--- WORK ORDER ---
Return the following data exactly, with all pictures left out.

[Opening GIVEN ENTRIES section]

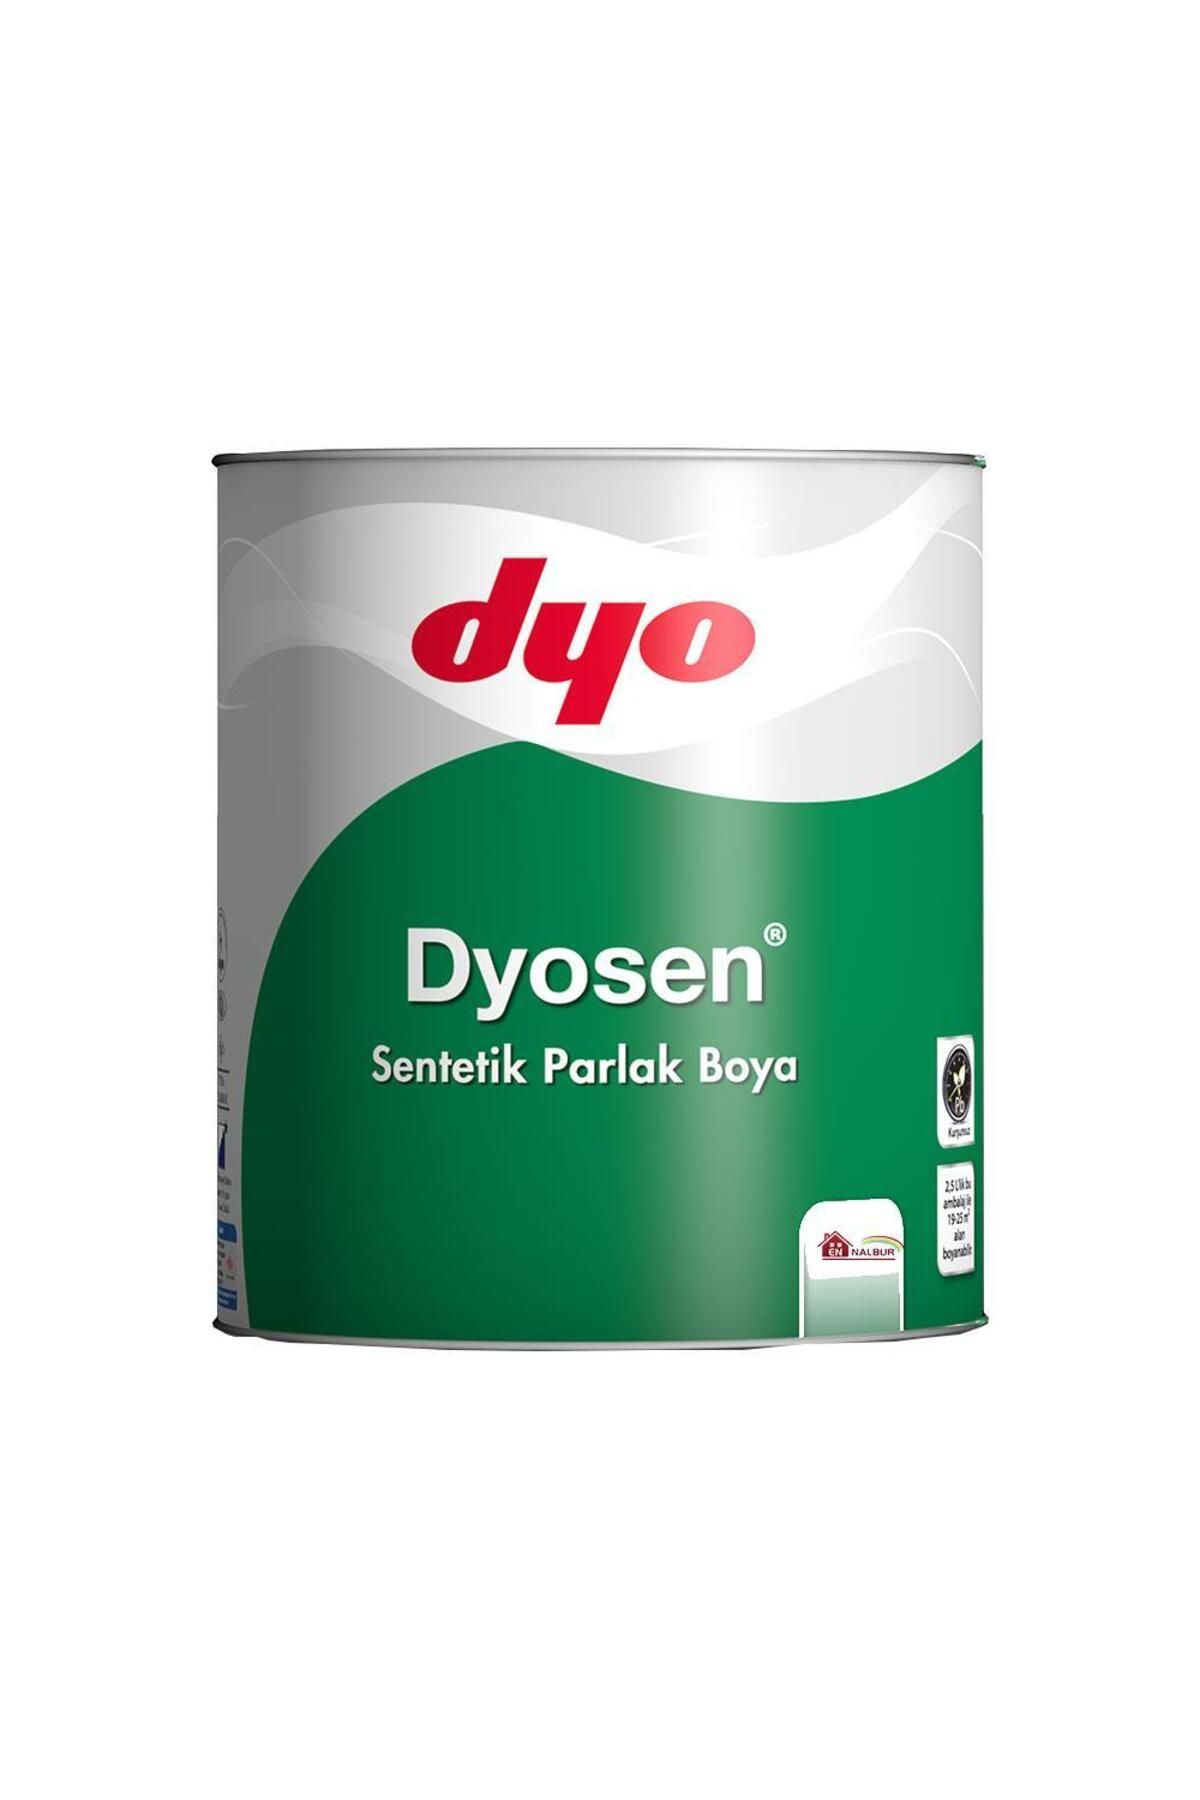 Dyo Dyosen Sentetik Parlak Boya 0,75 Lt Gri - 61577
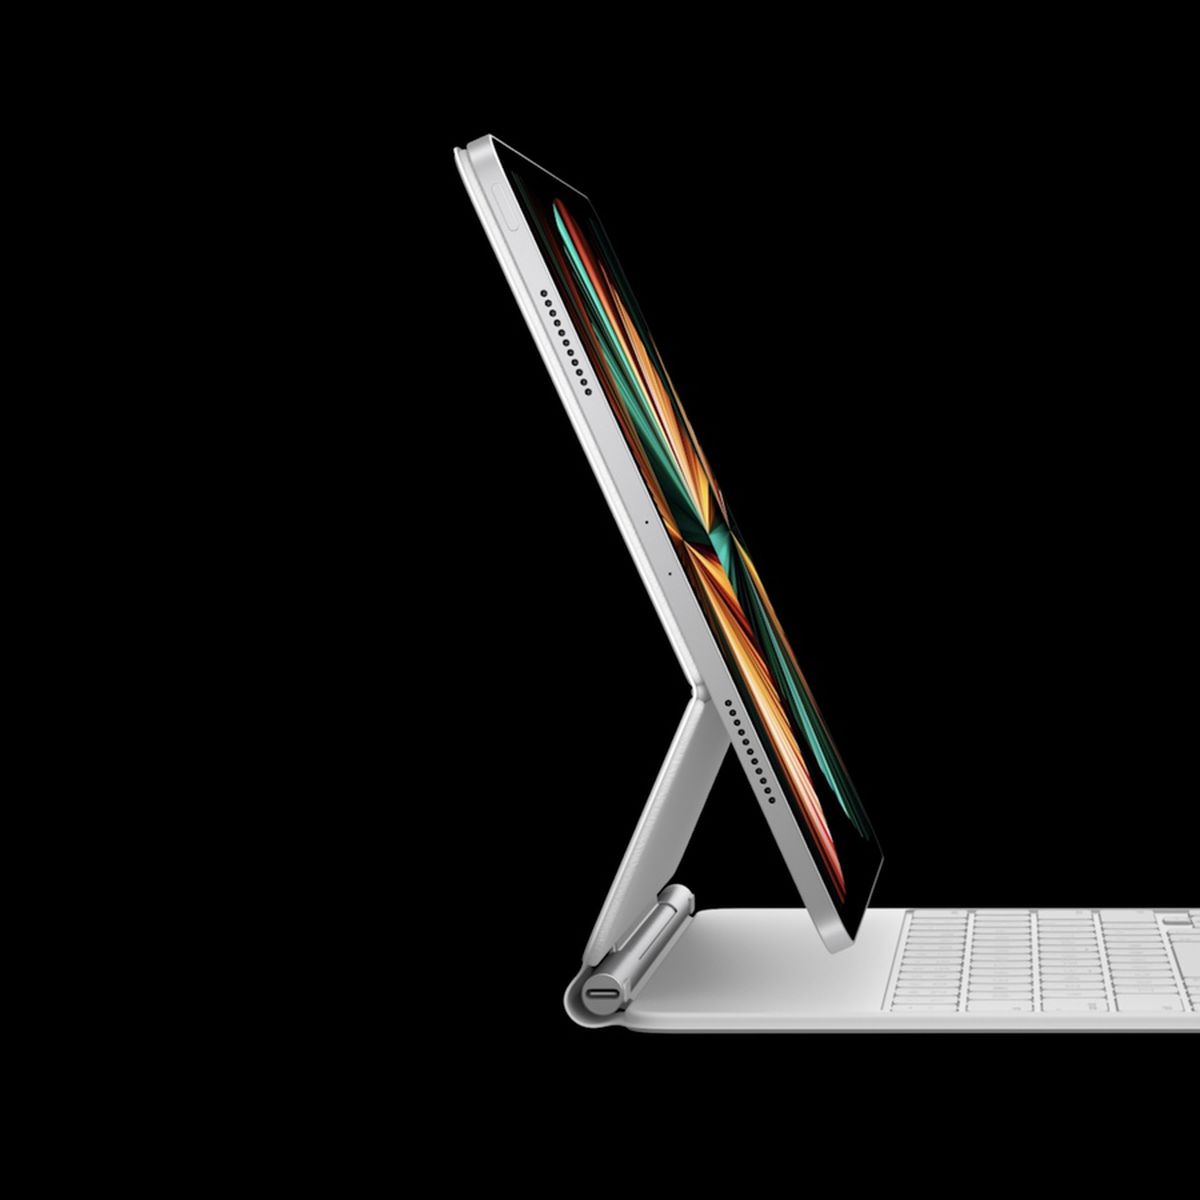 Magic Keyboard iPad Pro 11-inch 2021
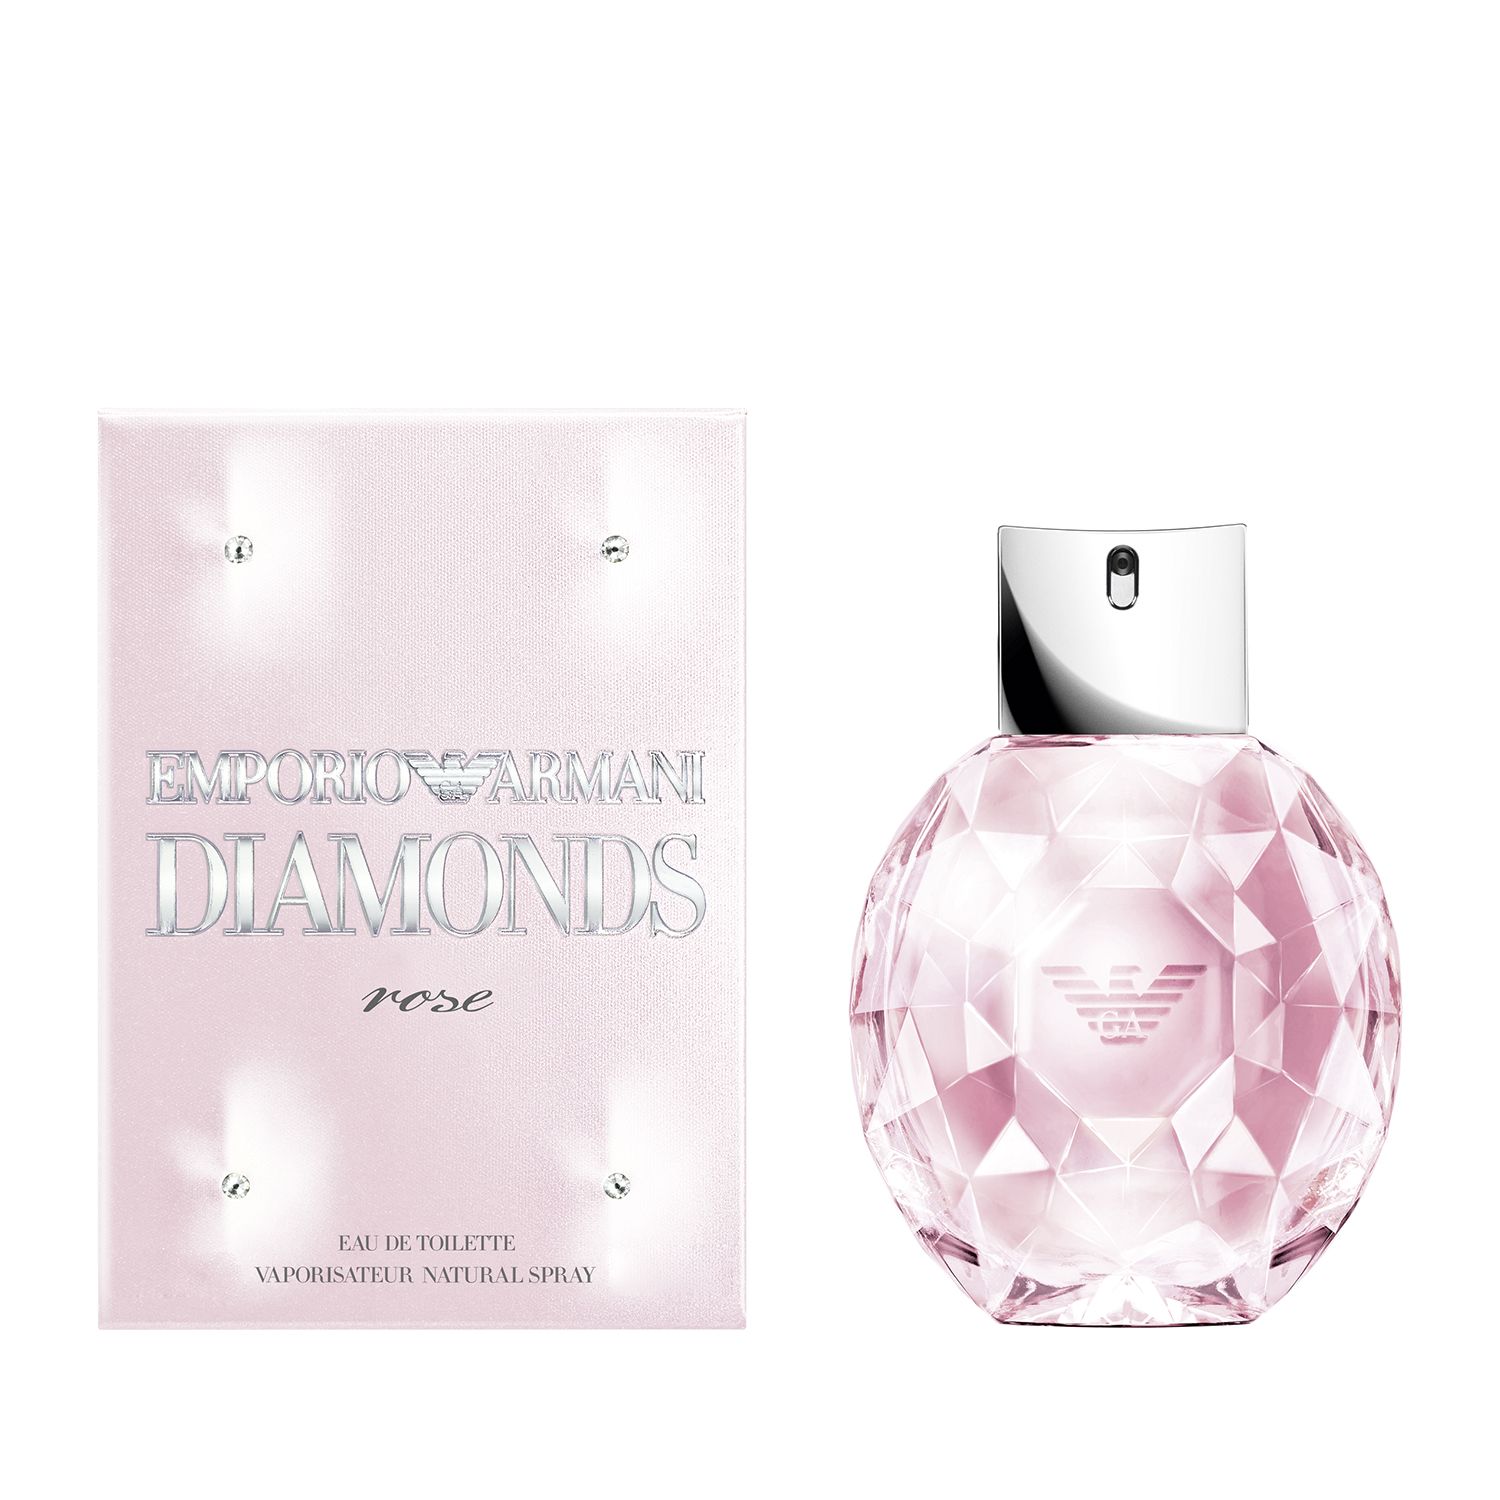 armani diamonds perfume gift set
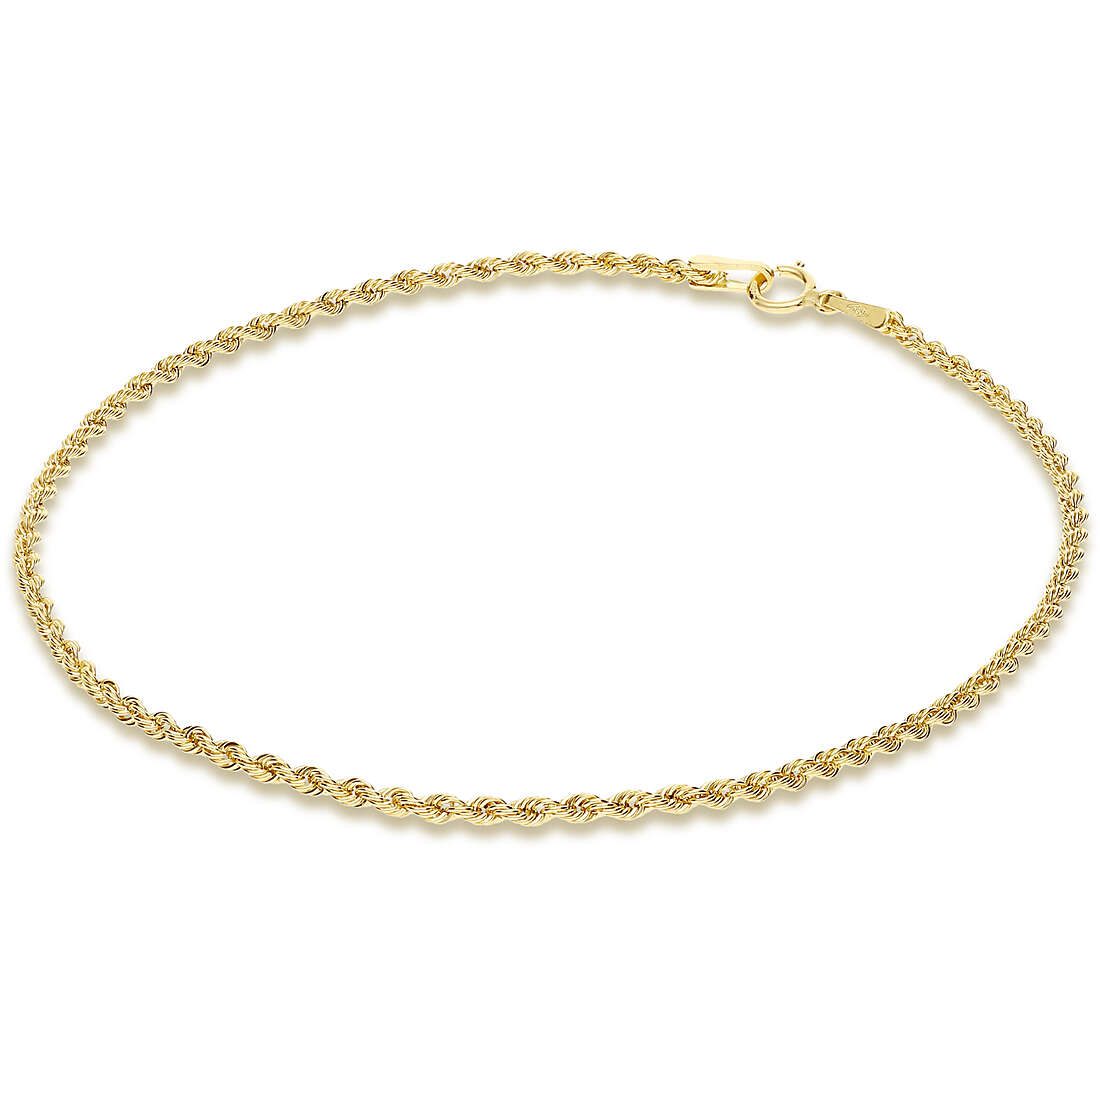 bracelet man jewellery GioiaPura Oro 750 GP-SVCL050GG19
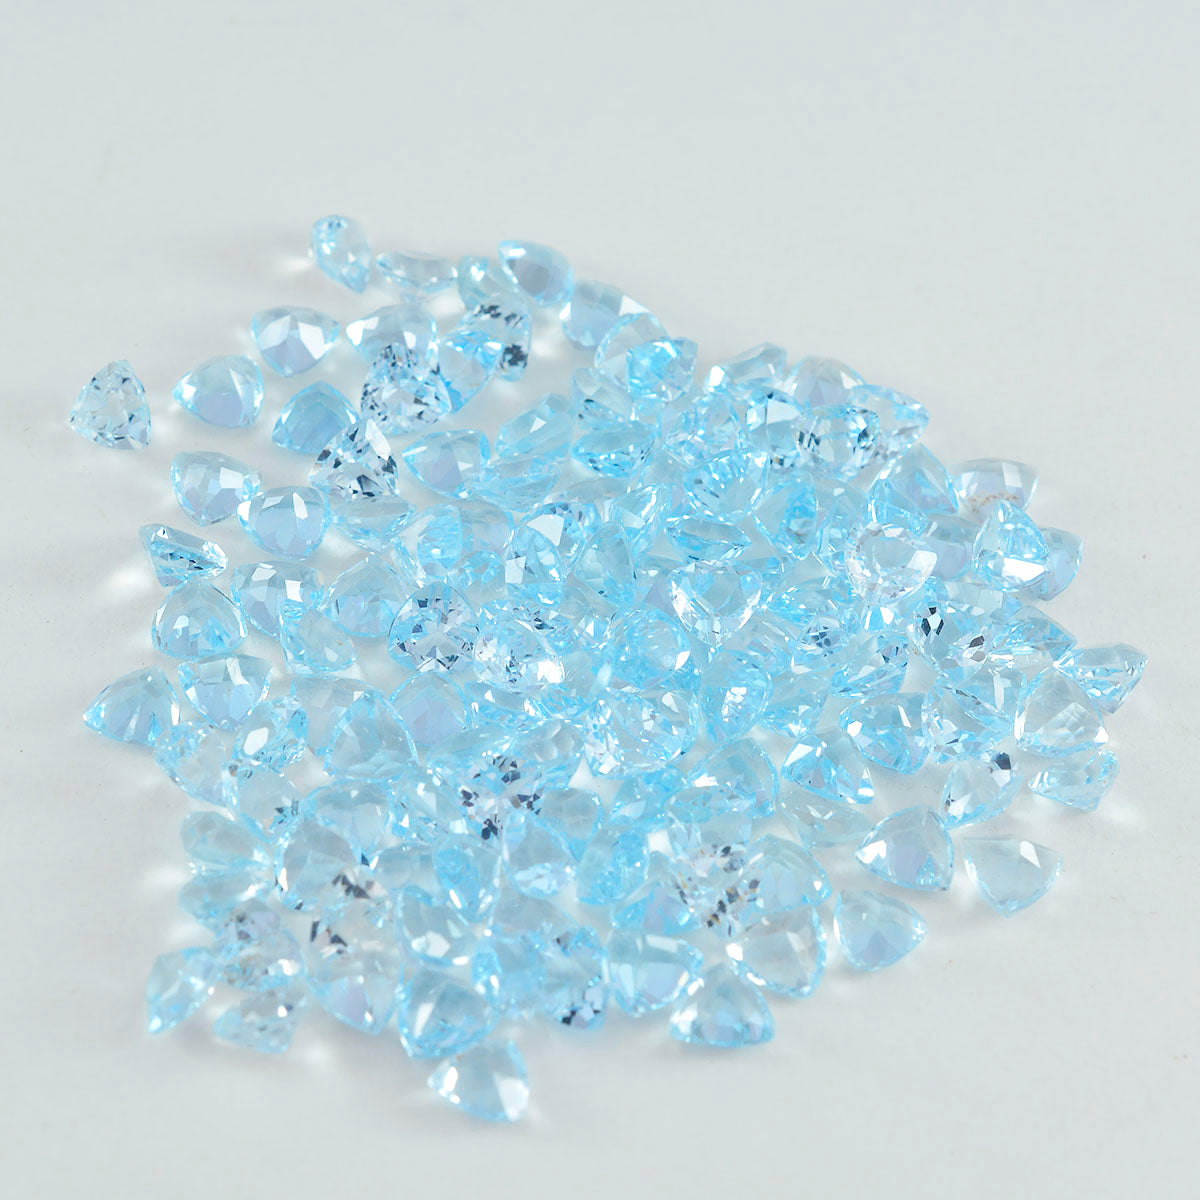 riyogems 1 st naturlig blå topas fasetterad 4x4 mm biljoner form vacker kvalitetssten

[Closing GIVEN ENTRIES section]

--- YOUR SOLUTION ---
 Dyo Dyosen Sentetik Parlak Boya 0,75 Lt Gri - 61577
 Magic Keyboard iPad Pro 11-inch 2021
 armani diamonds perfume gift set
 bracelet man jewellery GioiaPura Oro 750 GP-SVCL050GG19
 riyogems 1 st naturlig blå topas fasetterad 4x4 mm biljoner form vacker kvalitetssten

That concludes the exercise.